Pandemic preparedness: Fighting antimicrobial resistance in the community
Infectious diseases outbreaks and antimicrobial resistance can claim millions of lives, disrupt societies and create long-lasting economic shockwaves. We spoke to ECRAID-Prime project lead Christopher Butler about the prevalence of antimicrobial resistance, and how a primary care network platform trial infrastructure can help drive pandemic preparedness.
It was a dreary winter’s day in February 1941. Police constable Albert Alexander was rushed into the Radcliff Infirmary in Oxford County in the UK, when his facial wounds – sustained from an exploding bomb – had developed into a painful, deadly bacterial infection. His head was covered with abscesses that were oozing pus from his eyes, scalp and in his lungs.

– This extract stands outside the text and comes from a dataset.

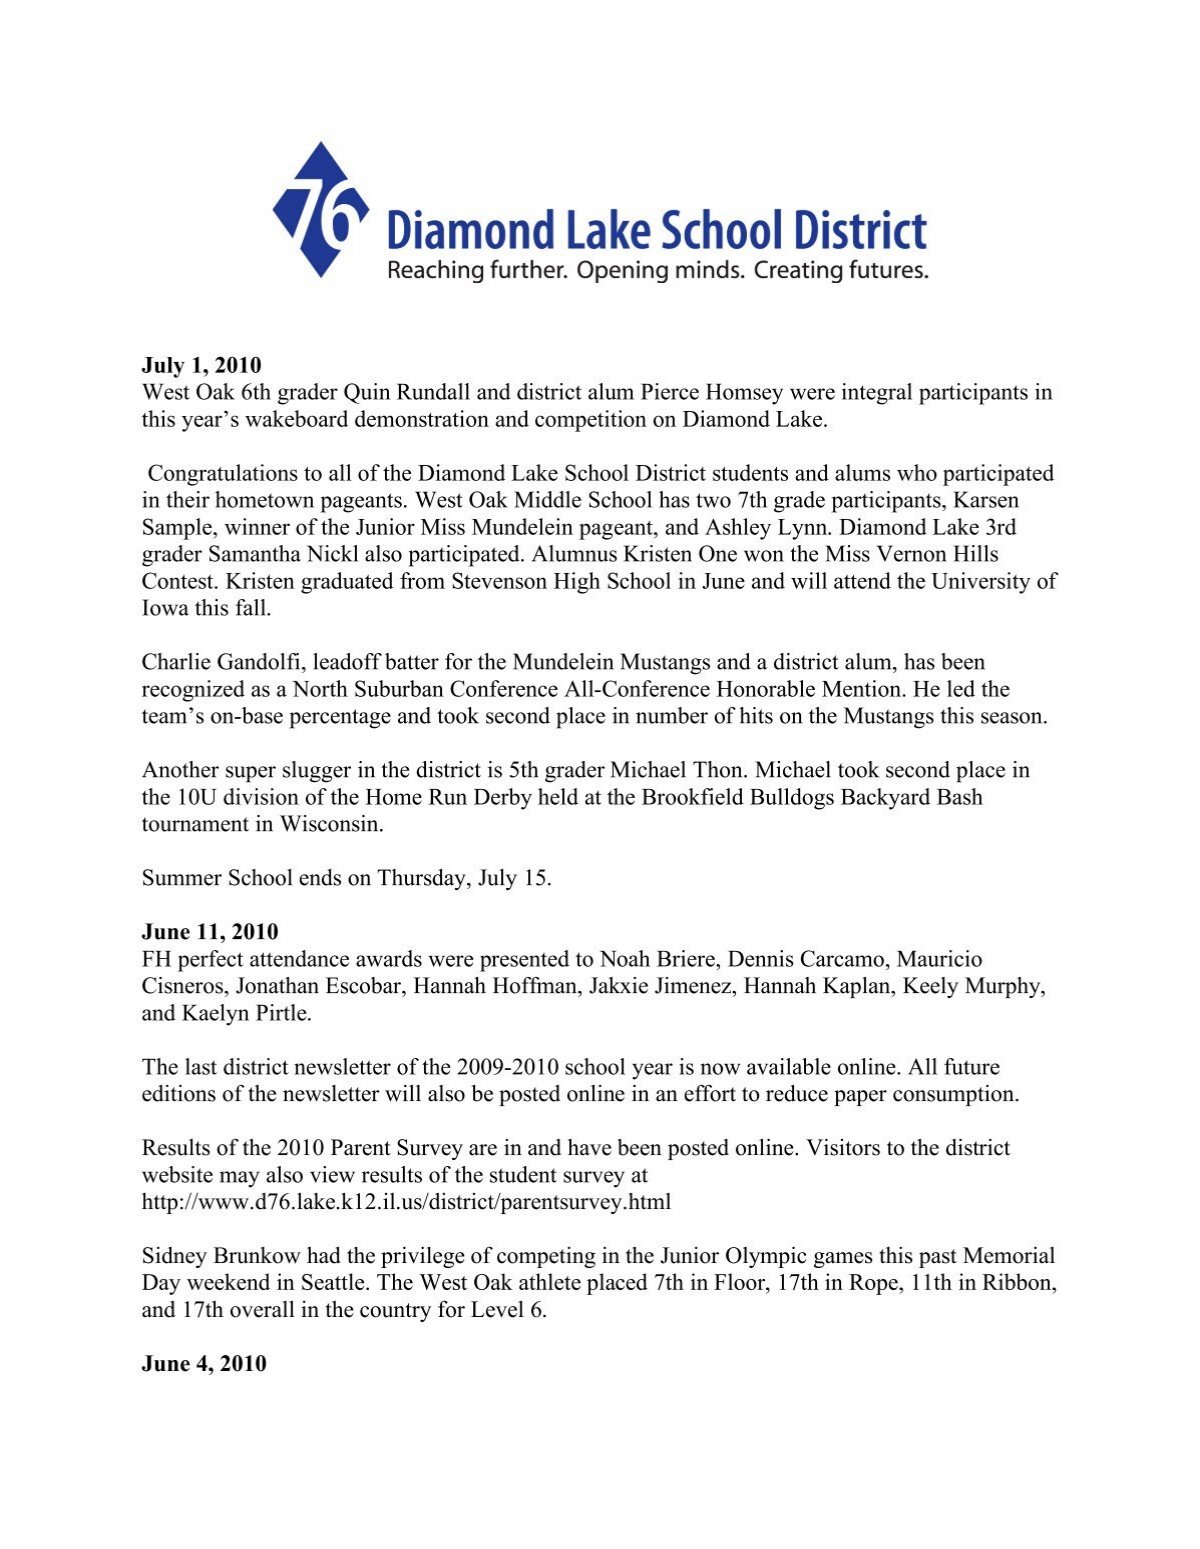 July 1 10 Diamond Lake School District 76
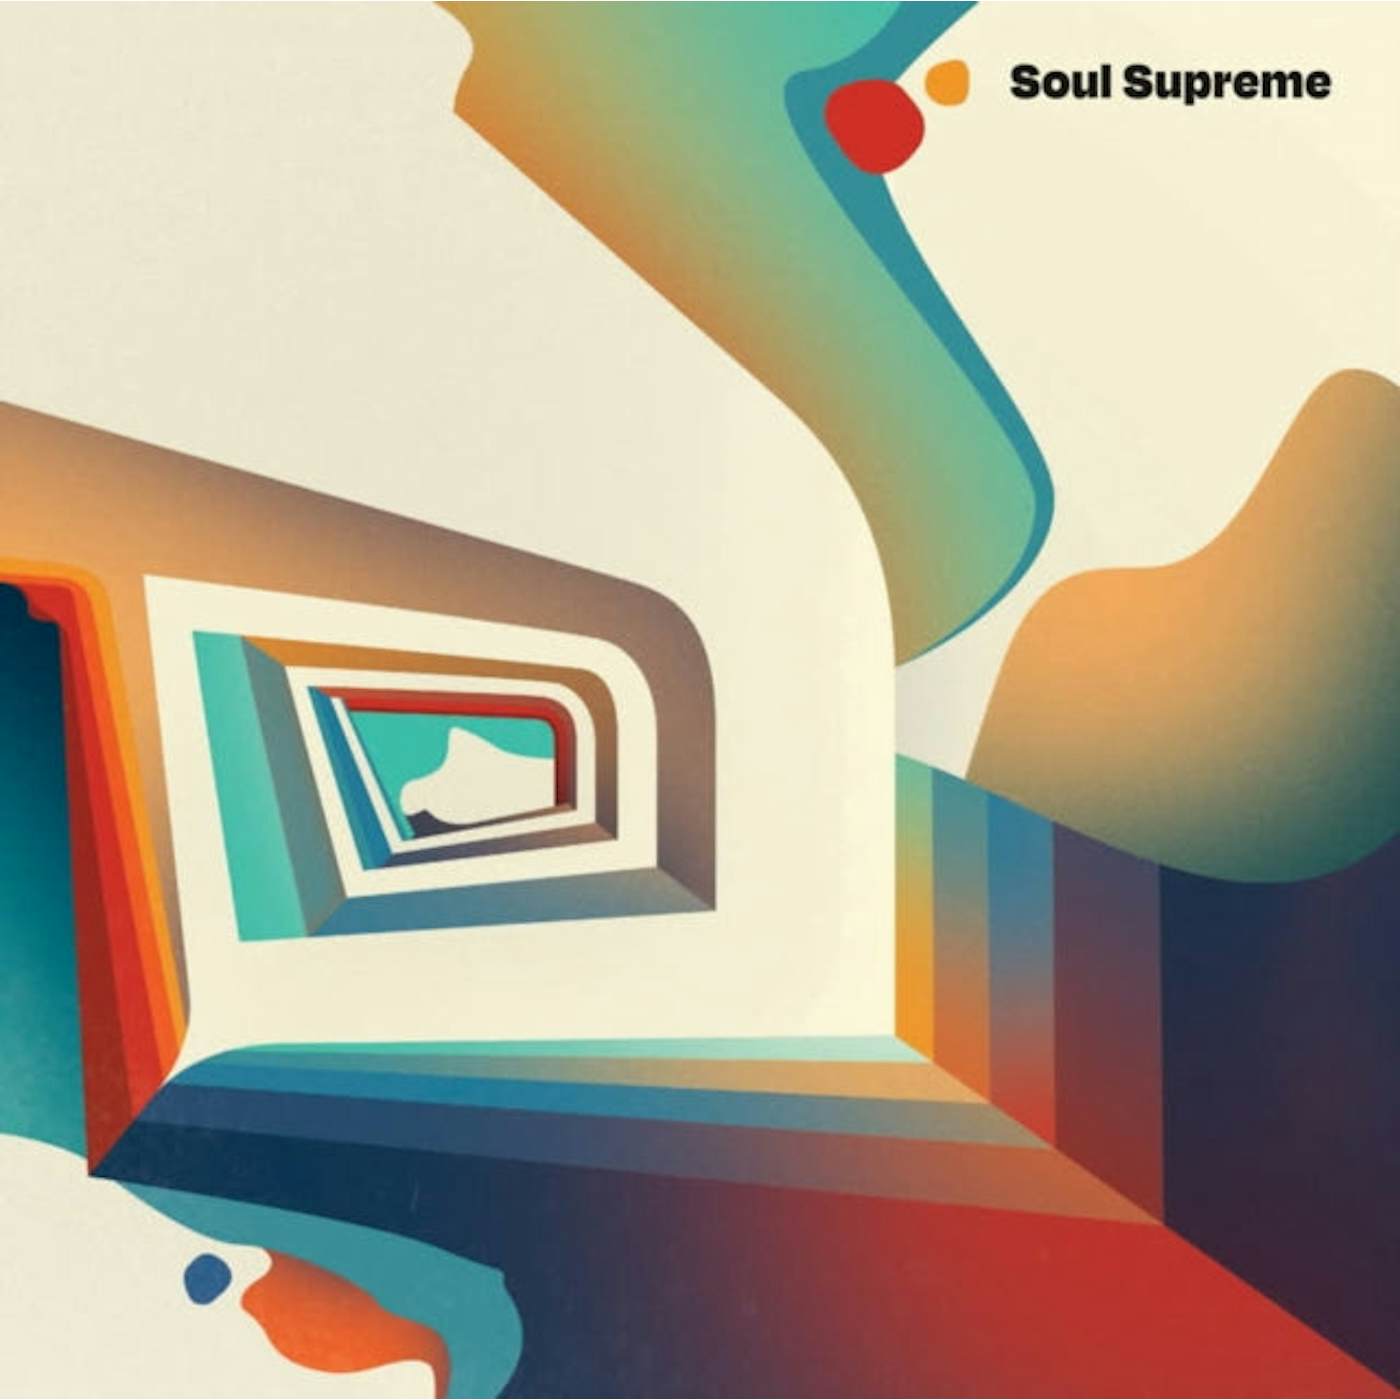 Soul Supreme LP Vinyl Record - Soul Supreme (20. 22 Repress Version)

With all treatment options exhausted, his physician Charles Fletcher decided to administer Alexander with a new, experimental therapy – penicillin*.
On 12 February 1941, Alexander became the first patient to receive penicillin and within days, his condition dramatically improved and fever subsided. However, the exhilaration from this ground-breaking N=1 trial was short-lived. The penicillin ran out, and despite the team’s efforts to prolong the treatment by extracting penicillin from the patient’s urine and re-administering it back to him, he became acutely weaker and succumbed to his relapse.
Chris Butler pauses from his story and looks thoughtfully out of his office window. A general practitioner by training, Chris is also the lead coordinator of ECRAID-Prime and a professor of primary care at the University of Oxford, where he leads the PRINCIPLE and PANORAMIC trials of community treatments for COVID-19. In fact, his Oxford office is just around the corner from the old Radcliff Infirmary, where a blue plaque commemorates the first use of penicillin.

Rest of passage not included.